Who measured the moisture level in the wood. 
High humidity in the air will show up on cold water lines as water condenses on the pipes.
Sealing the crawlspace would mean that every nick and cranny that would allow air to enter or leave the house thru the floor.
They say dehumidifier but really it should be conditioned space and then you will really have a problem with you radon. 
I would do the perimeter drain as described and the poly and what ever you have to do about the radon and put a vent fan in and keep the air moving, insulate any cold water pipes down there, you just by foam covers that slip over the pipe..
All this work will have to be done regardless of what you do.


----------



## dgarrity (Sep 7, 2016)

I do not understand why I would need to do a perimeter drain as there is no water under the house and no drain pipes under the house.  And I do not understand your comment about radon.  Please advise.

Thanks,

dgarrity


----------



## nealtw (Sep 7, 2016)

I know little about radon but I suspect there are levels, some will be removed with cross venting, the next level would need roof vent and at some level would need power venting thru the roof.
What ever you do with the crawlspace, requires that water from the ground is impossible or as near to that as you can, so no matter what you are going to do you should always have the dirt covered, and drained.

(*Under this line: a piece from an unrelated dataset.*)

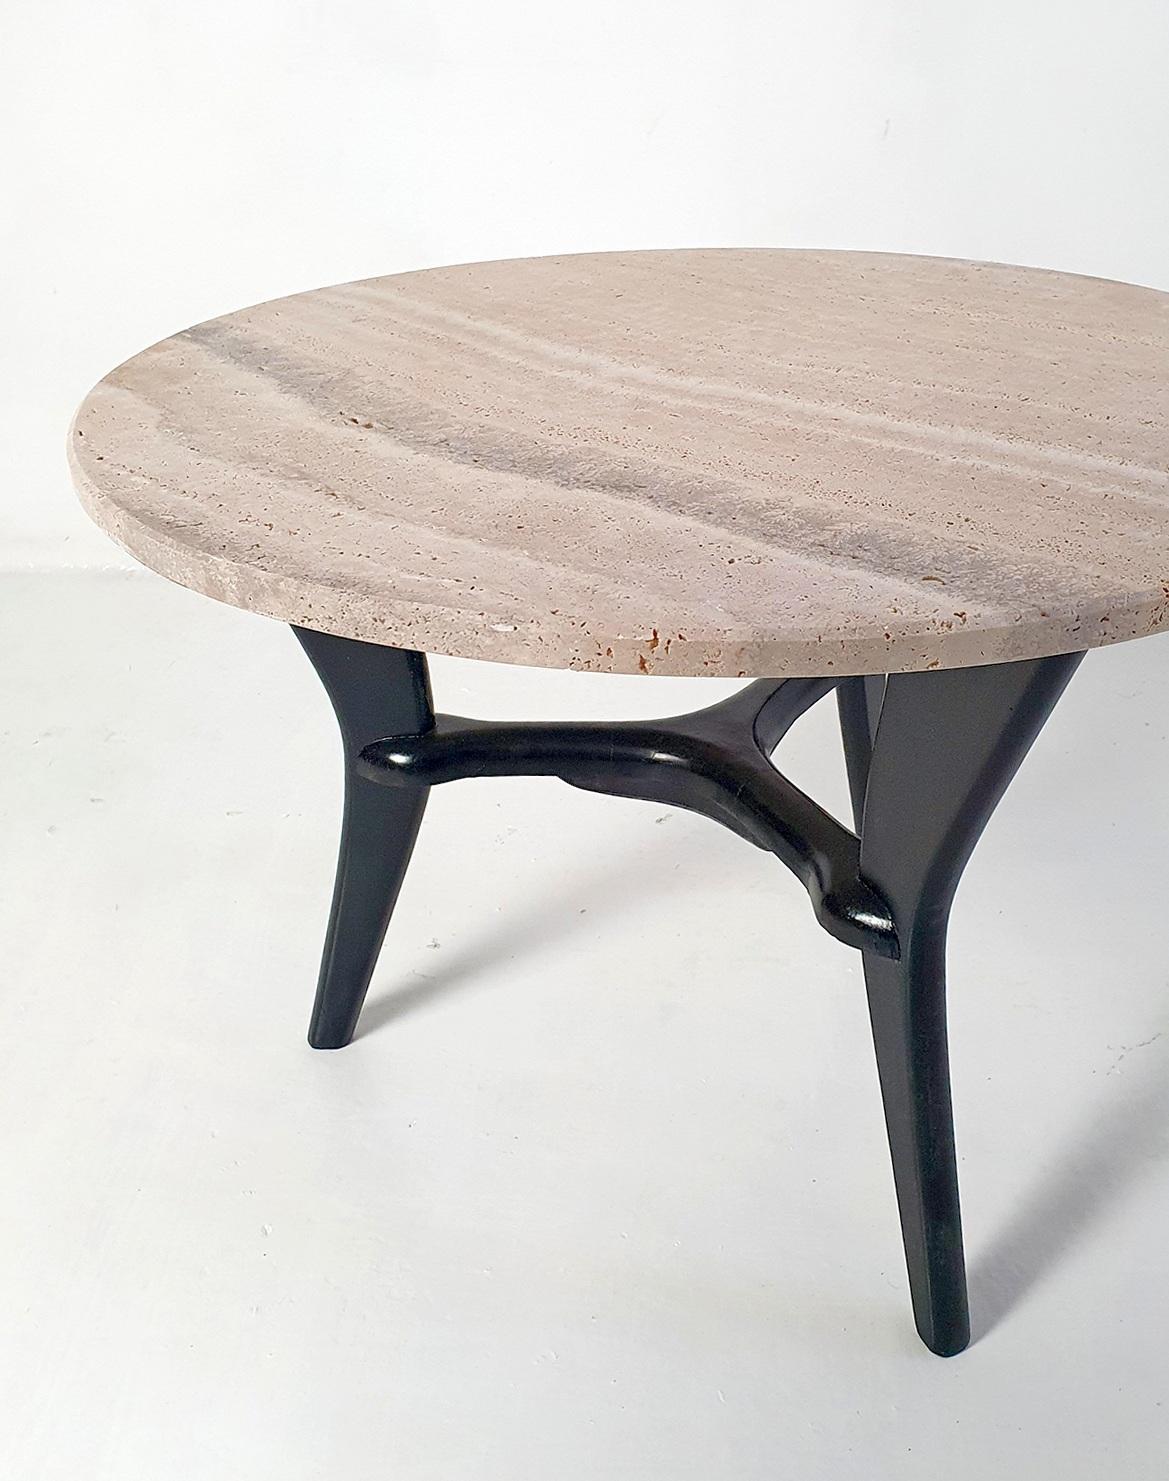 Voici une remarquable table basse datant de l'âge d'or du design italien - les années 1950. Cette pièce élégante est dotée d'une base tripode sculpturale unique en son genre, fabriquée en bois noirci, évoquant un sentiment de mouvement et de

A lot depends on what the source of moisture is.
Moisture from the air has been dealt with for hundreds of years with just passive venting.
Moisture from the ground, that can not be detected by eye.
As the crawlspace is always just a little cooler than the inside of the house, warm moist air from the house can be forced thru holes in the floor and with the crawlspace being a little cooler that moisture will condense on any thing down there.
So as I suggested earlier, get an engineer that specializes in moisture problems to look at the whole situation.


----------



## dgarrity (Sep 8, 2016)

Good advice!! I will get an engineer to look at the whole situation.

Thanks again,

dgarrity


----------